Kick It Out chairman slams Liverpool over Luis Suarez response
Thursday 05 January 2012
Kick It Out chairman Lord Ouseley has branded Liverpool as "hypocritical" over their handling of Luis Suarez's eight-match ban for racially abusing Patrice Evra and called the striker's apology "lamentable".
The Reds have decided not to appeal against the Football Association suspension and £40,000 fine imposed on the Uruguay forward by an independent commission for his comments towards Evra in Liverpool's Premier League match against Manchester United at Anfield on October 15.
Ouseley described Liverpool players wearing T-shirts in support of Suarez as "dreadful" and said the club need to take a hard look at themselves.
Suarez's apology stated: "I admitted to the commission that I said a word in Spanish once and only once. I told the panel members that I will not use it again on a football pitch in England. I never, ever used this word in a derogatory way and if it offends anyhone then I want to apologise for that."
Suarez did not mention Evra by name in his apology, and previously said in a statement on Tuesday he would carry out the suspension "with the resignation of someone who hasn't done anything wrong" claiming the word 'negro' is a commonly-used word which does not show any lack of respect in his country.
Lord Ouseley, who was chairman of the Commission for Racial Equality from 1993 to 2000, wrote in the Guardian: "Liverpool FC need to take a hard look at themselves and how they have responded to the complaint and the investigations into the allegations of abuse in the Patrice Evra/Luis Suarez case.
"Throughout the entirety of the proceedings, over the past three months, all we have heard are denials and denigration of Evra. Since the publication of the 115-page report of the findings of the FA's independent commission, Liverpool's vitriol has increased.

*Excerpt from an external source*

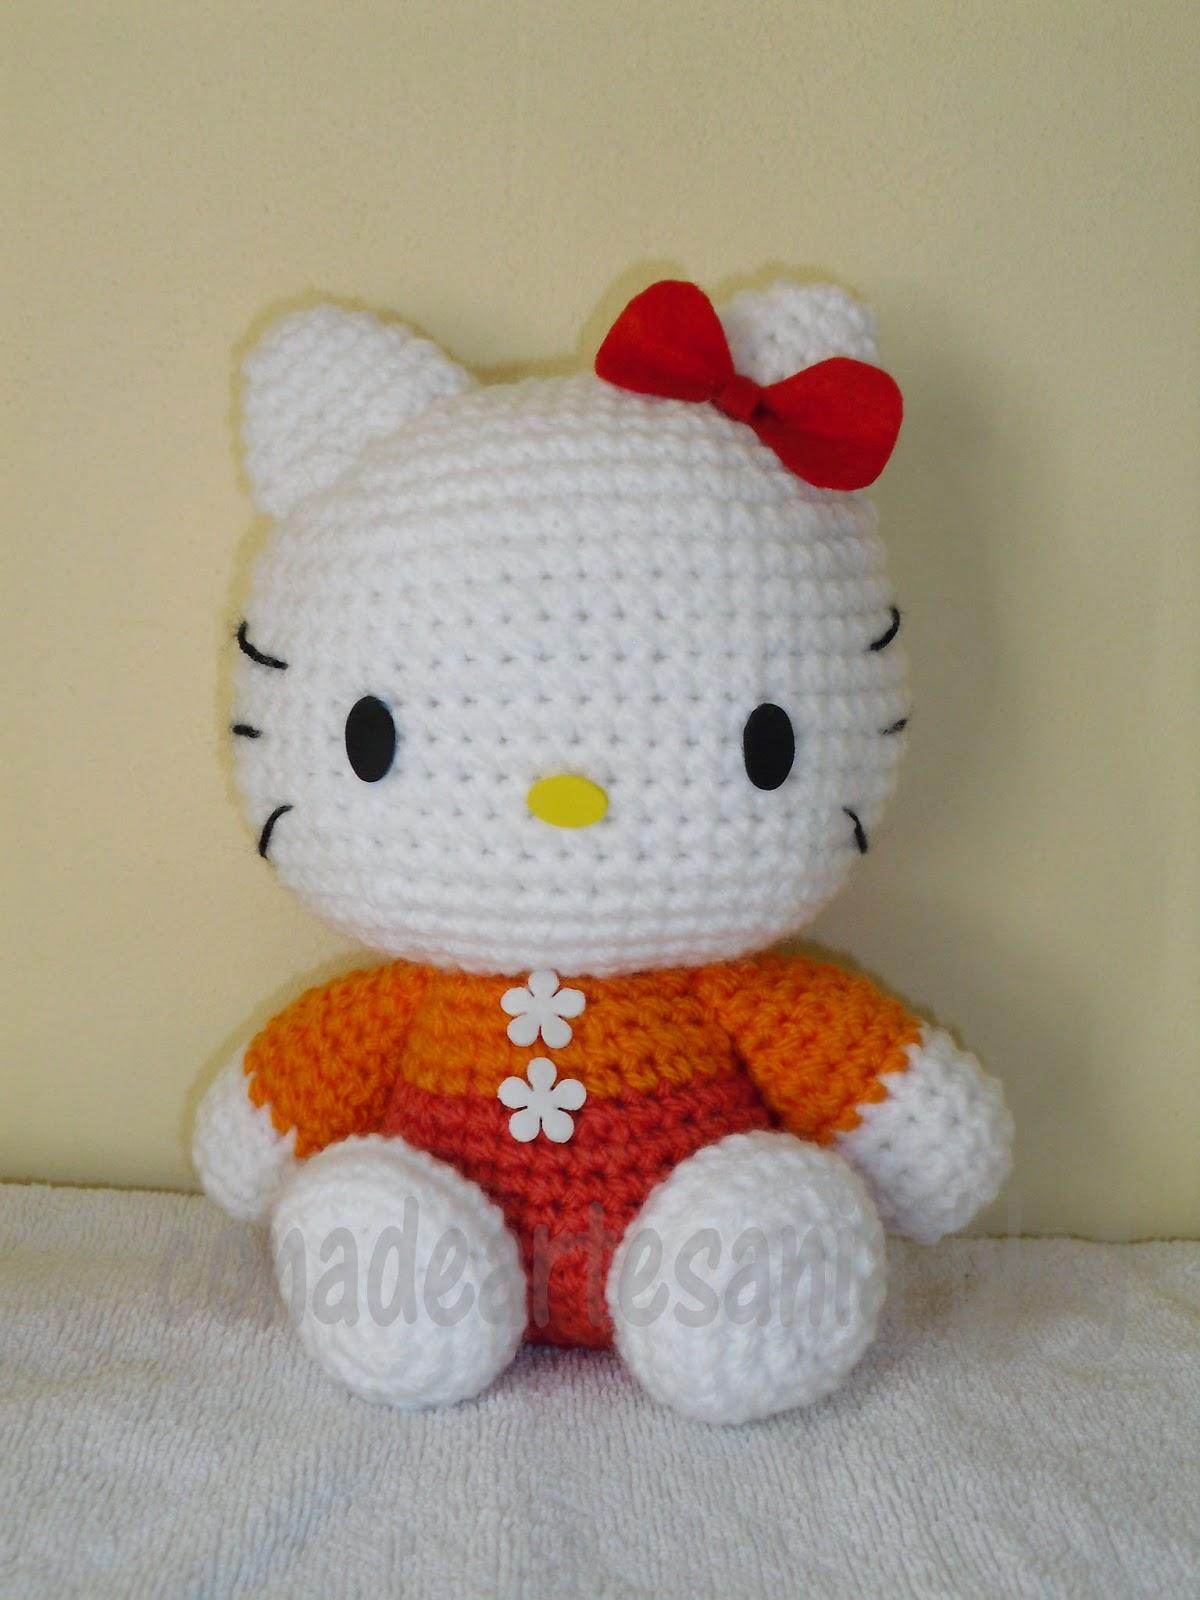 Tuto Gratuit Amigurumi Hello Kitty : con A de artesan?a: Amigurumis conejita kawaii y Hello Kitty

"Suarez's attempt at a belated apology is nothing short of lamentable. I cannot believe that a club of Liverpool's stature, and with how it has previously led on matters of social injustice and inequality, can allow its integrity and credibility to be debased by such crass and ill-considered responses."

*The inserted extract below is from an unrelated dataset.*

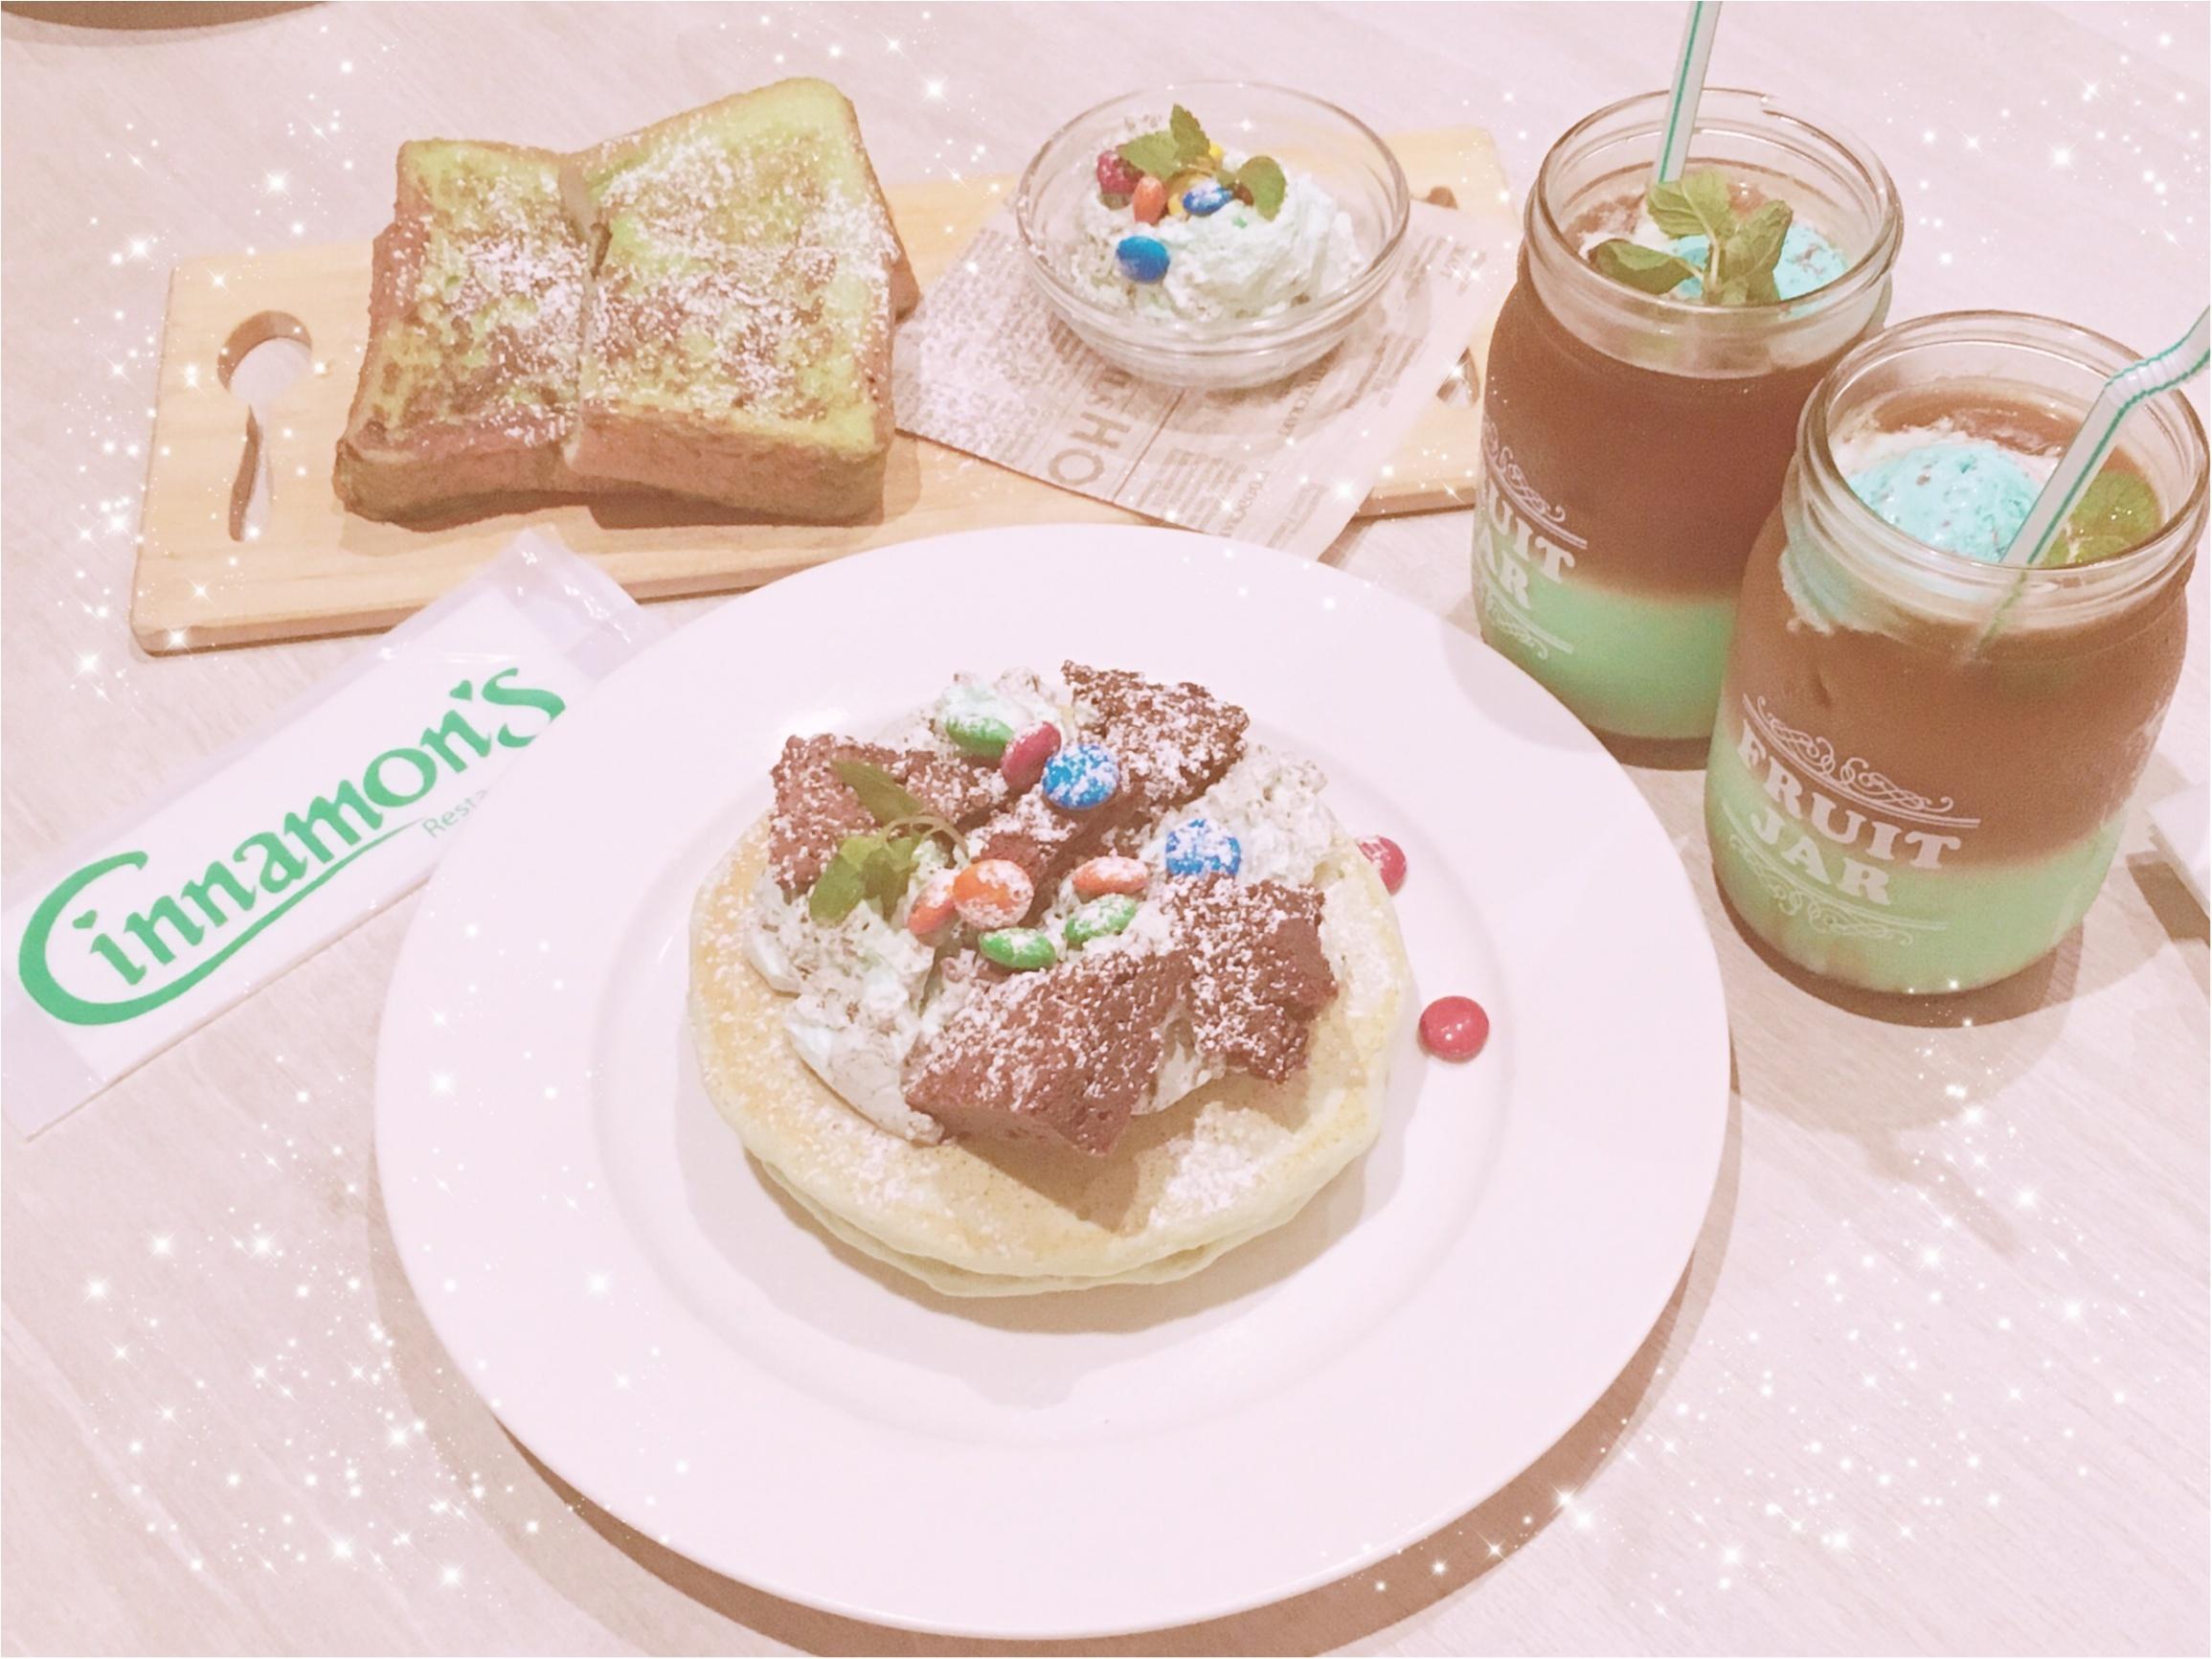 #チョコミン党 活動日誌♡横浜Cinnamon's(シナモンズ)でチョコミント祭り開催中‼︎-本日のモアハピ女子会-_4

Ouseley added: "Liverpool have been particularly hypocritical. You can't on the one hand wear a Kick It Out T-shirt in a week of campaigning against racism when this is also happening on the pitch: it's the height of hypocrisy.
"Liverpool players wore a T-shirt saying: 'We support Luis Suarez', seemingly whatever the outcome. This was a dreadful knee-jerk reaction because it stirs things up."